Notice that we used both input_tables and input_kexes here. We refer to our table accounts within kex in_hubspot by its full name in_hubspot.deals. Since kex in_mysql only contains one table, we can load it whole.

The same configuration in YAML:

transformations.yaml

- id: example
  type: sql
  source: example
  out_kex: out_example
  input_tables:
    - in_hubspot.accounts
  input_kexes:
    - in_mysql

The transformation configuration is set, now we need to create the transformation’s content. Create a directory example under /transformations/ directory and a single file 00_init.sql.

/transformations/example/00_init.sql

Let’s create a table that will contain an account name for each invoice based on account’s VAT. We are using BigQuery SQL dialect here, but implementation for any warehouse would be very similar.

CREATE TABLE `tr`.`out_invoices` AS
SELECT
  i.*,
  a.name as account_name
FROM `tr`.`in_invoices` i
INNER JOIN `tr`.`in_accounts` a ON a.vat_number = i.vat_number

You may notice quite a few things here:

The tr namespace

Since BigQuery doesn’t allow selecting a default dataset, you need to specify tr when refering to any table. Bizzflow will translate the name tr to the temporary transformation dataset that the transformation is actually taking place within.

the in_ prefix

All tables that Bizzflow loads to the temporary transformation dataset for you will be prefixed with in_ prefix, do not forget that when refering to them.

the out_ prefix

All tables you want Bizzflow to output to the out_kex kex after the transformation need to have out_ as a prefix. This allows you to create arbitrary temporary tables without needing to take care of what happens to them.

Example 2: A simple Python transformation

Let’s create a similar solution using Python instead.

transformations.json

[
  {
    "id": "example",
    "type": "docker",
    "source": "example",
    "out_kex": "out_example",
    "input_tables": ["in_hubspot.accounts"],
    "input_kexes": ["in_mysql"]
  }
]

Notice the only thing that changed here is type.
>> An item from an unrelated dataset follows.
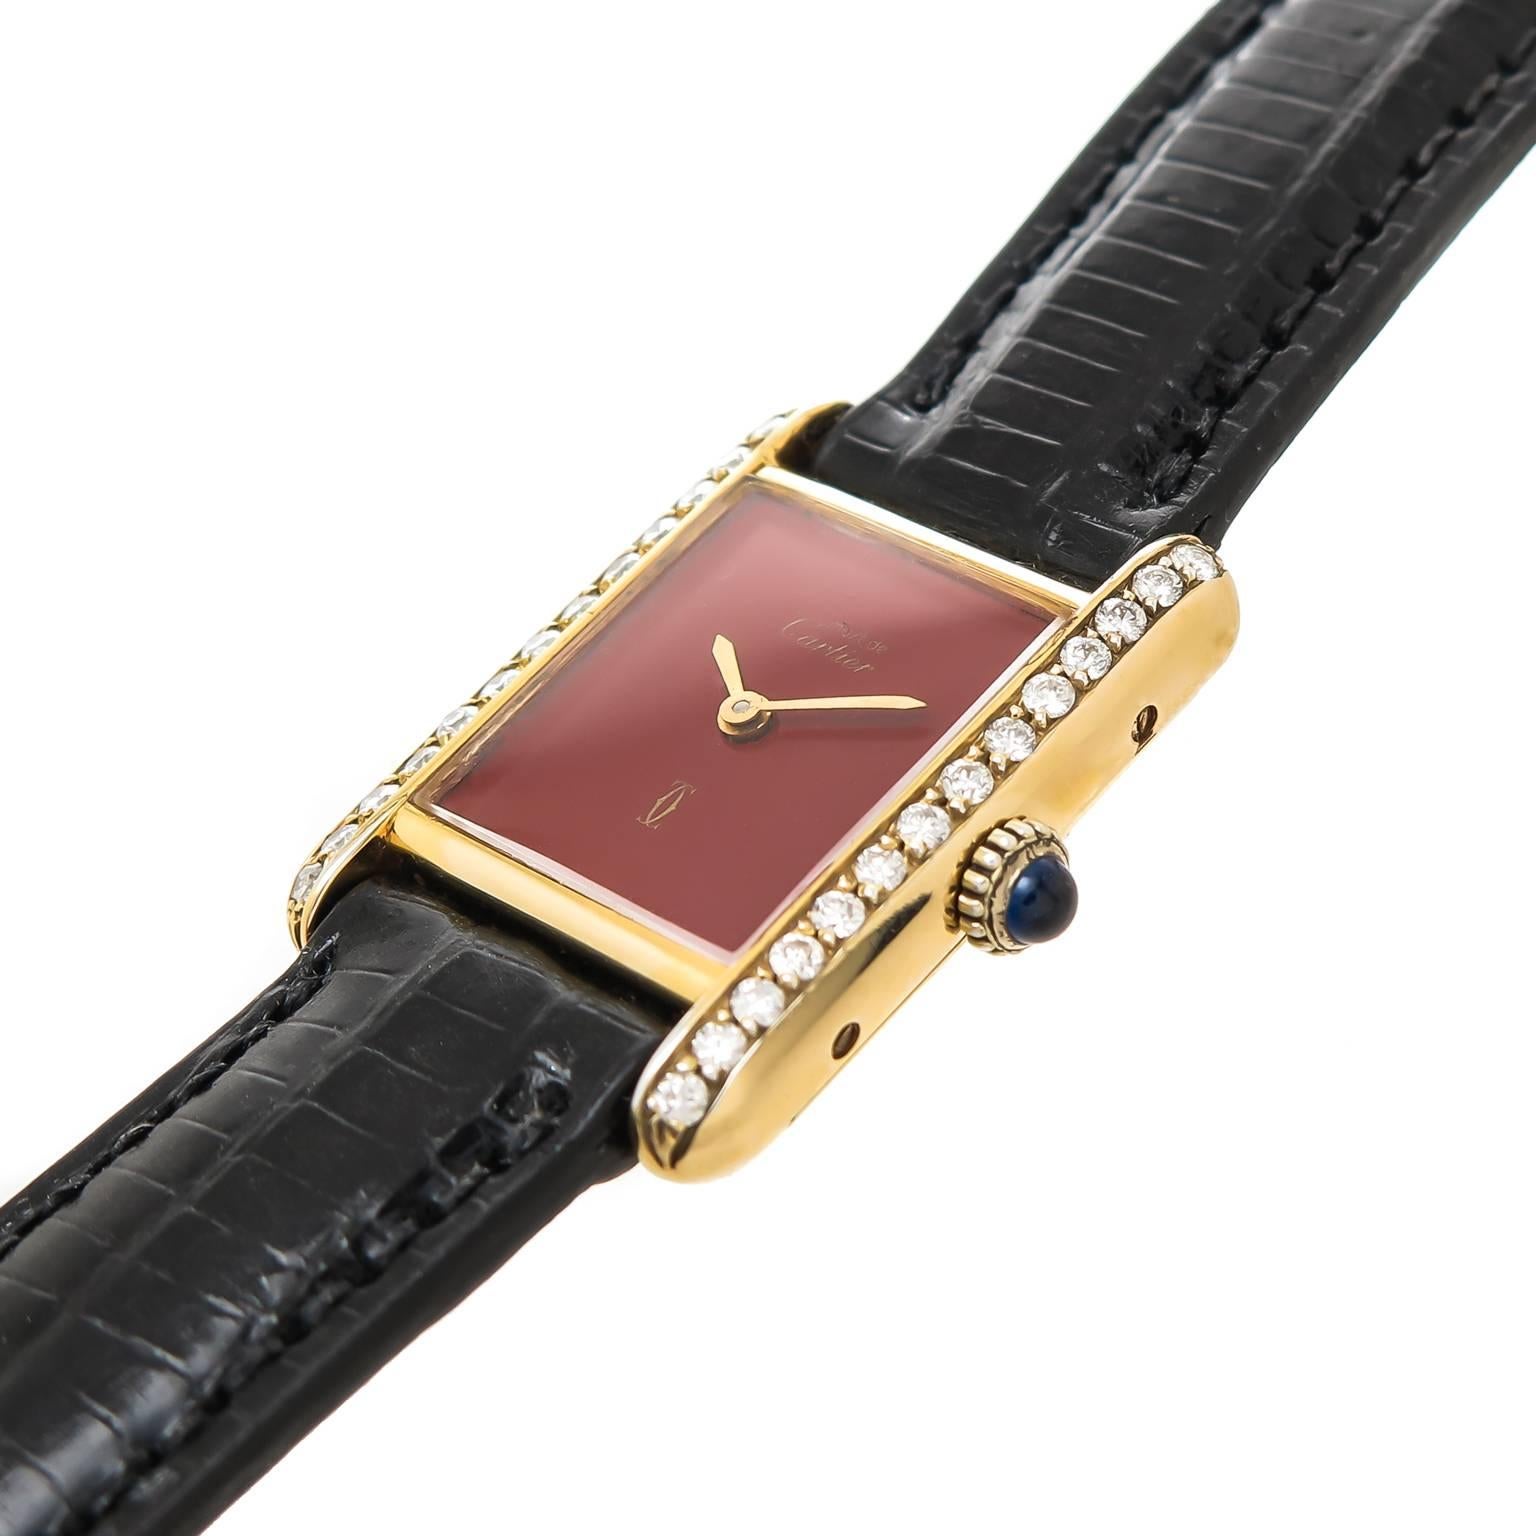 Circa 2000 Cartier, Must De Cartier Classic Ladies Tank Wrist Watch, 28 X 20 MM Vermeil ( Gold Plate Sterling Silver ) water resistant case with Round Brilliant cut Diamond set Bezel totaling .75 Carat. Quartz Movement, Red Dial with Gold Hands. New

It is the same in YAML:

transformations.yaml

- id: example
  type: docker
  source: example
  out_kex: out_example
  input_tables:
    - in_hubspot.accounts
  input_kexes:
    - in_mysql

Next, we need to create example directory under /transformations/ again, but this time we will need to create two separate files:

/transformations/example/main.py

We will only copy contents of the input table accounts into output table copied_accounts.

import csv

with open("/data/in/tables/accounts.csv") as finput:
  with open("/data/out/tables/copied_accounts.csv") as foutput:
    reader = csv.DictReader(finput, dialect=csv.unix_dialect)
    writer = csv.DictWriter(foutput, fieldnames=reader.fieldnames, dialect=csv.unix_dialect)
    writer.writeheader()
    writer.writerows(reader)

In order to run this Python transformation, we need to tell Bizzflow how to make it into a container.

/transformations/example/Dockerfile

FROM python:3.9-slim
WORKDIR /code
ADD main.py .
CMD ["python", "-u", "main.py"]

Again, let’s summarize what we have just seen:

Input tables

All input tables are loaded into /data/in/tables/ directory as individual CSV files conforming to UNIX dialect.

Output tables

All CSV files you will put into /data/out/tables/ directory will be loaded into the analytical warehouse to the kex specified in out_kex configuration.

Transformation Dockerfile

Since the transformation is actually a Docker container, you may actually use any language that feels right for the use case. Just always remember to find your input tables in /data/in/tables and put your output tables to /data/out/tables.

Sandbox

If you need to test your SQL transformation in a safe environment, always use sandboxes. You can create one using the Sandbox console. You should always dry run your transformation before running it live.